I was talking with a friend the other day of how it's easy to ride through inner city Philadelphia and become spiritually drained. Think of it; the drugs, the poverty, the fatherless (kids as well as adults), the violence and exalt of violence and that hopeless look that plagues so many is all enough to bring tears in just a short ride through any inner city neighborhood in Philadelphia. But when I read the Bible, particularly the book of Romans I see that total depravity runs deeper than the lens of the naked eye can see:
0as it is written:
"None is righteous, no, not one;
no one understands;
no one seeks for God.
All have turned aside; together they have become worthless;
no one does good,
not even one."
"Their throat is an open grave;
they use their tongues to deceive."
"The venom of asps is under their lips."
"Their mouth is full of curses and bitterness."
"Their feet are swift to shed blood;
in their paths are ruin and misery,
and the way of peace they have not known."
"There is no fear of God before their eyes."
(Romans 3:10-20)
I know that sin is deceitful (Heb. 3:13) and so naturally it appears in ways that do not appear sinful. Take for example a philanthropist, this is someone who seeks to promote the welfare of others with the donation of his or her money and time. So to the naked eye it would appear that this person has in them some form of altruism. But, Paul lets us know that it's entirely possible to do acts that appear good and in actuality are carried out through some other kind of motivation:
If I speak in the tongues of men and of angels, but have not love, I am a noisy gong or a clanging cymbal. And if I have prophetic powers, and understand all mysteries and all knowledge, and if I have all faith, so as to remove mountains, but have not love, I am nothing. If I give away all I have, and if I deliver up my body to be burned,[a] but have not love, I gain nothing. (1 Cor. 13:1-3)
So, when I drive through the obvious depravity in West Philadelphia, over 76, into the swanky suburbs of Roxboro and farther out into Montgomery County where the houses are spaced out, the grass is green and neatly cut, kids are playing in clean, "safe" streets, and dogs are being walked where the poop is being scooped instead of left to be stepped in by some unfortunate passer by and I think of Romans 3, 1 Corinthians 13, Isaiah 64:6, the entire book of John, etc. . . .and by God's grace I can, at times, drive through the sparkling deceit of the suburbs, cry and be drained the same way I can drive through North Philadelphia and be drained. Because, the truth is that the suburbs are just as sad, helpless and desolate as the crack infested corner in the hood. It's the same degree of depravity just a different cover. One wears its unmistakable pain out in the open for all to see while the other covers it up with gadgets, cars, lawns, decorations, fake smiles, security systems, etc. . .all to give the appearance of happiness in an effort to avoid confrontation and maintain an external happiness. So I ask myself; how should I approach this? How do I missionally engage a plastic world, a world that covers up cover up. How do I look at the suburbs through the lense of the cross like Christ on Calvary?

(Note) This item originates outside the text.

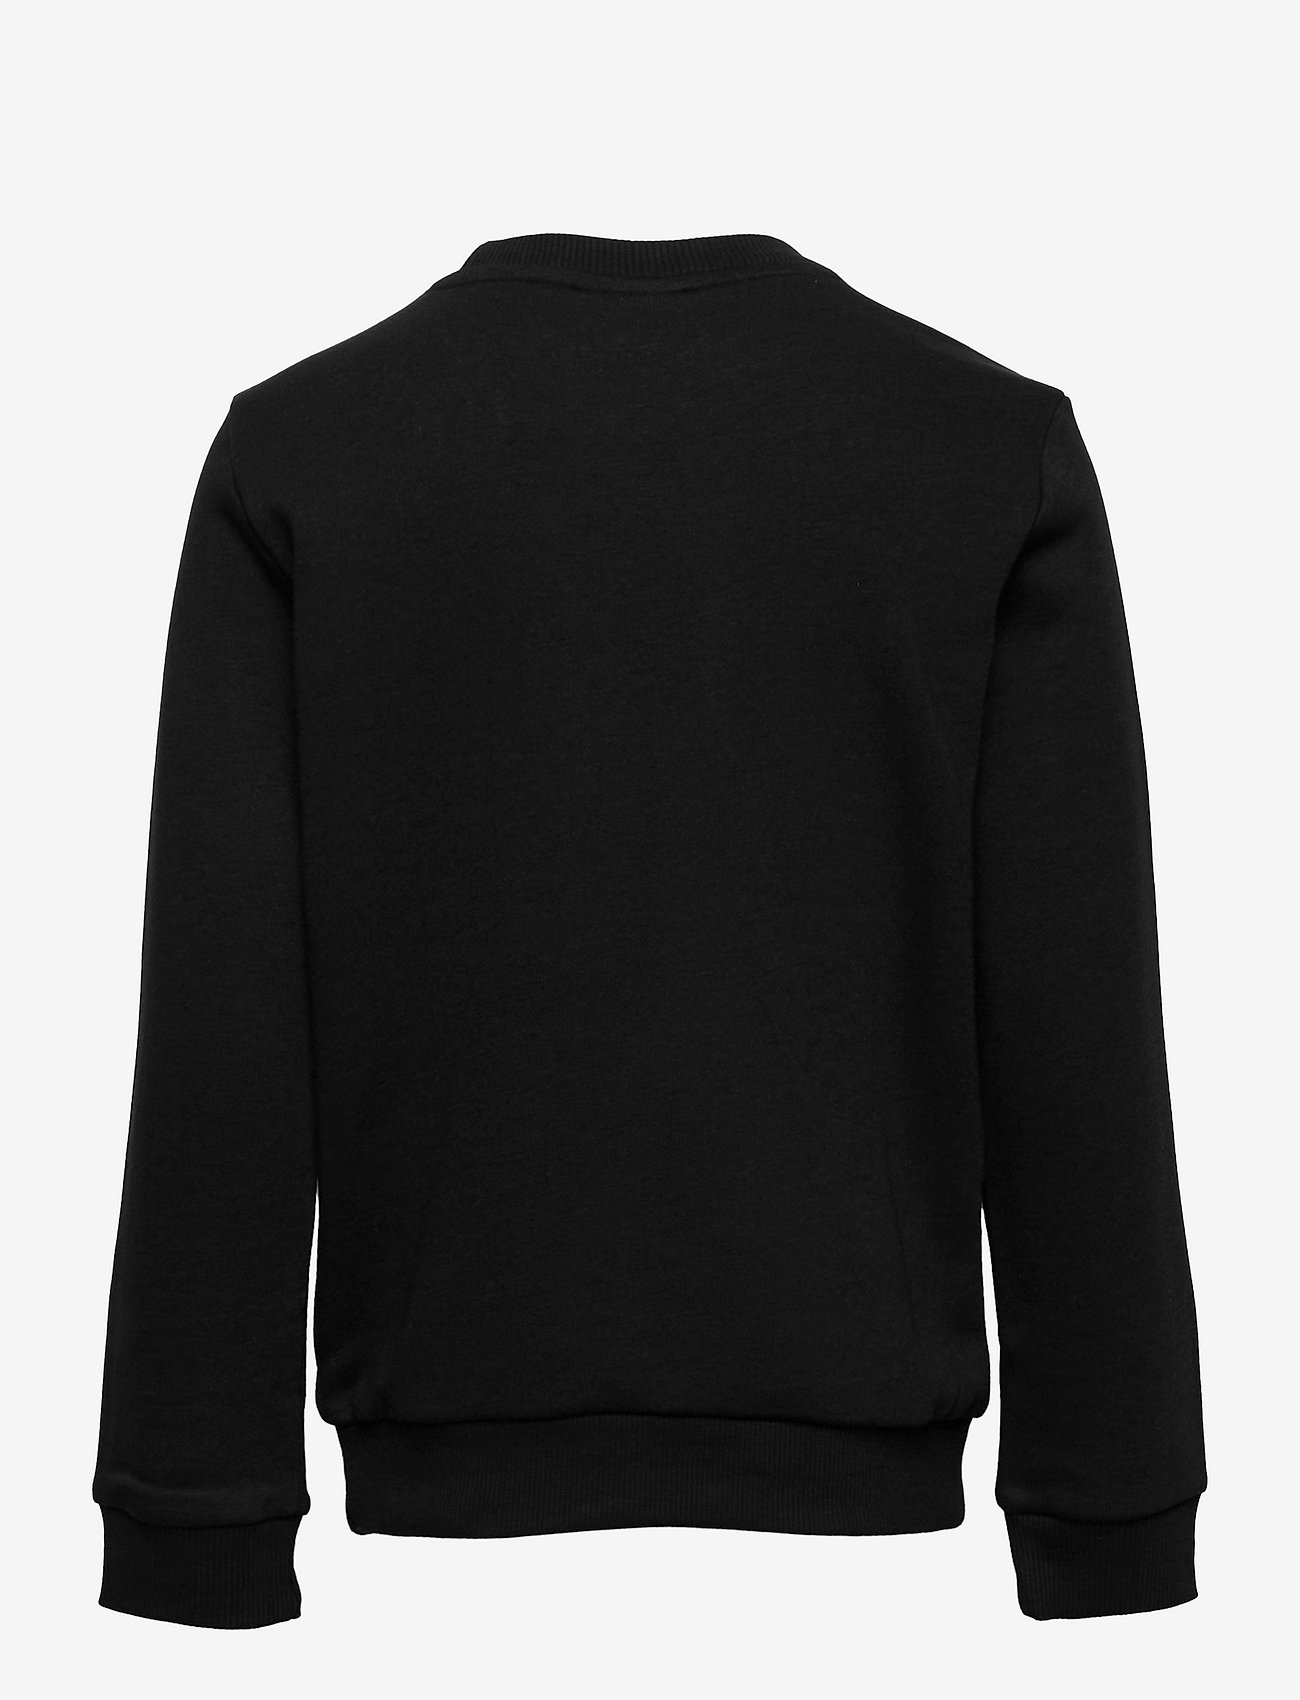 adidas Sportswear - Essentials Sweatshirt - sweatshirts - black/white - 1

An older and wiser friend told me that when Christ looked down from His cross and saw that multitude of people along with the thief at His side and the Roman soldier he was looking through the lens of the cross. He didn't see a bunch of unsaved people, Christ was the most hopeful of hopeful people; He Himself WAS and IS hope. And so he saw a people redeemed. That is the lens of the cross-a lens that can see a redeemed people. A lens that can look out into the depravity of the "beautiful" suburbs and see people coming to Christ.

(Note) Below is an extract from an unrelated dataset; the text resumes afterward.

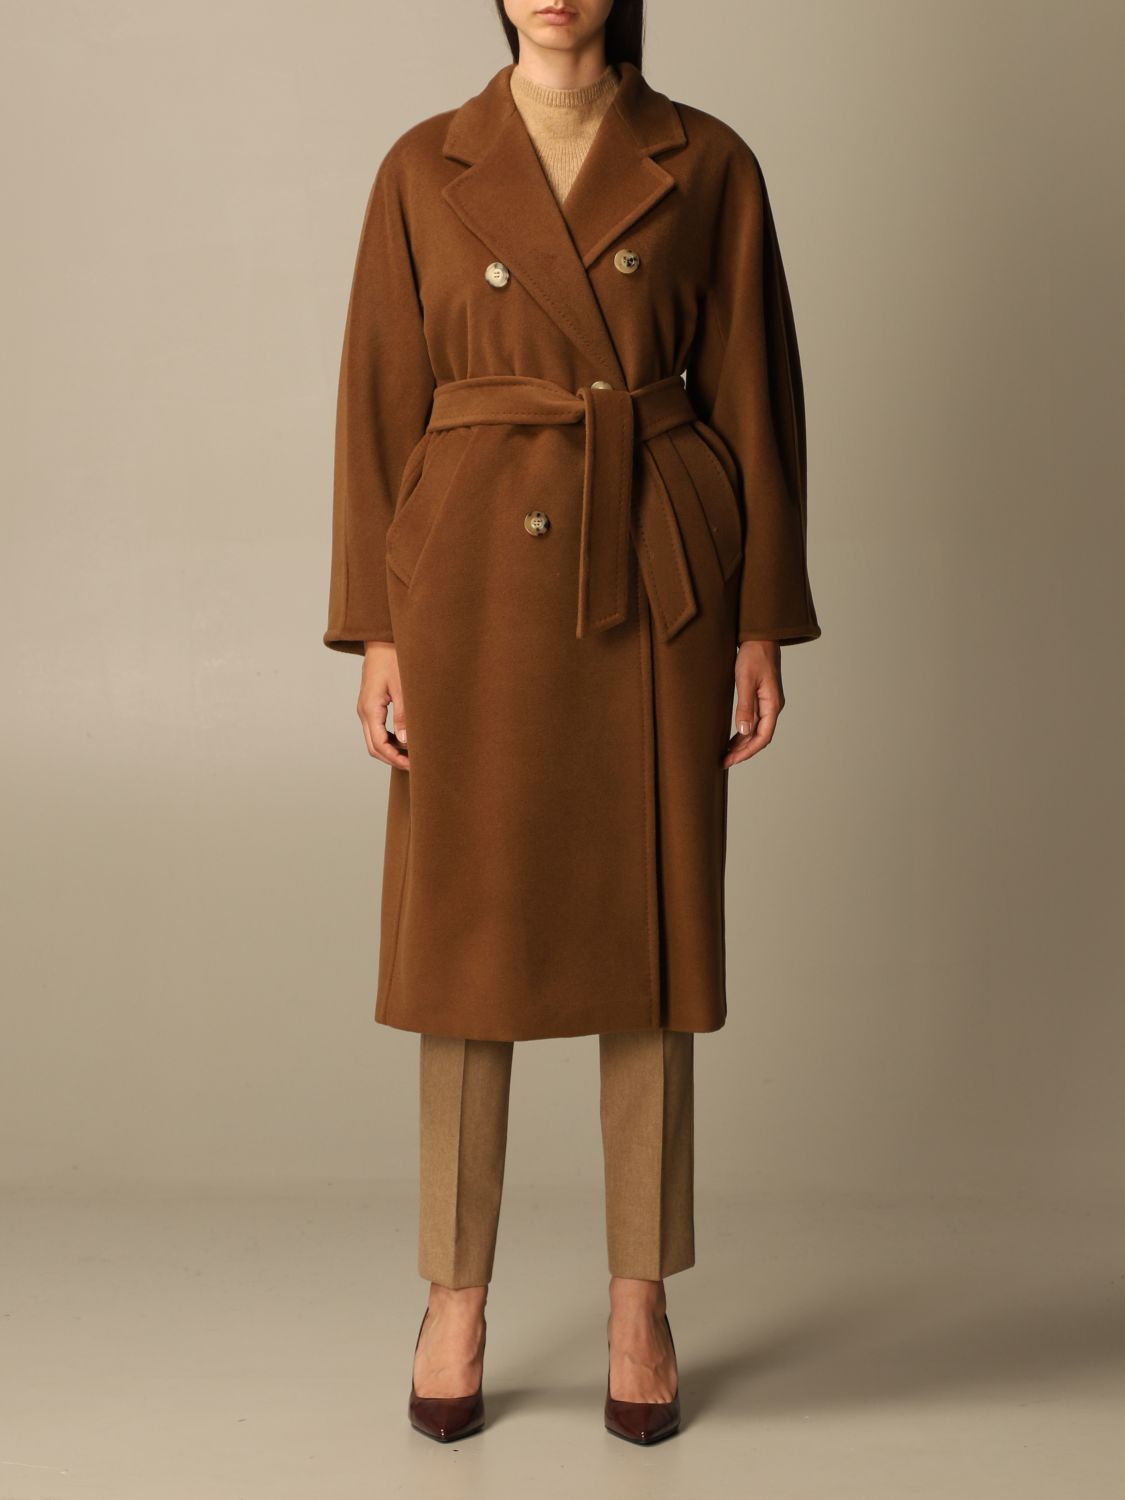 madame coats online

It seems this blog has become more of a prayer now than a statement or a question. I'm getting ready to move into a neighborhood that fringes on the suburbs of Philadelphia so I'm asking God for grace to not grow hard and cold hearted but that He'd give me a heart of flesh to engage the people around me with the Gospel. To not grow content and satisfied and comfortable with "plasticity" of clean streets, quiet nights,and all the other numbing agents that come along with. I need grace to become drained and broken the same way I'm broken while driving down Kensington Avenue and realizing that every third person quite possibly is a crack head. God give me that brokenness, give me that lens of Your Cross, give me a servants heart, and give me contentment in Christ Alone.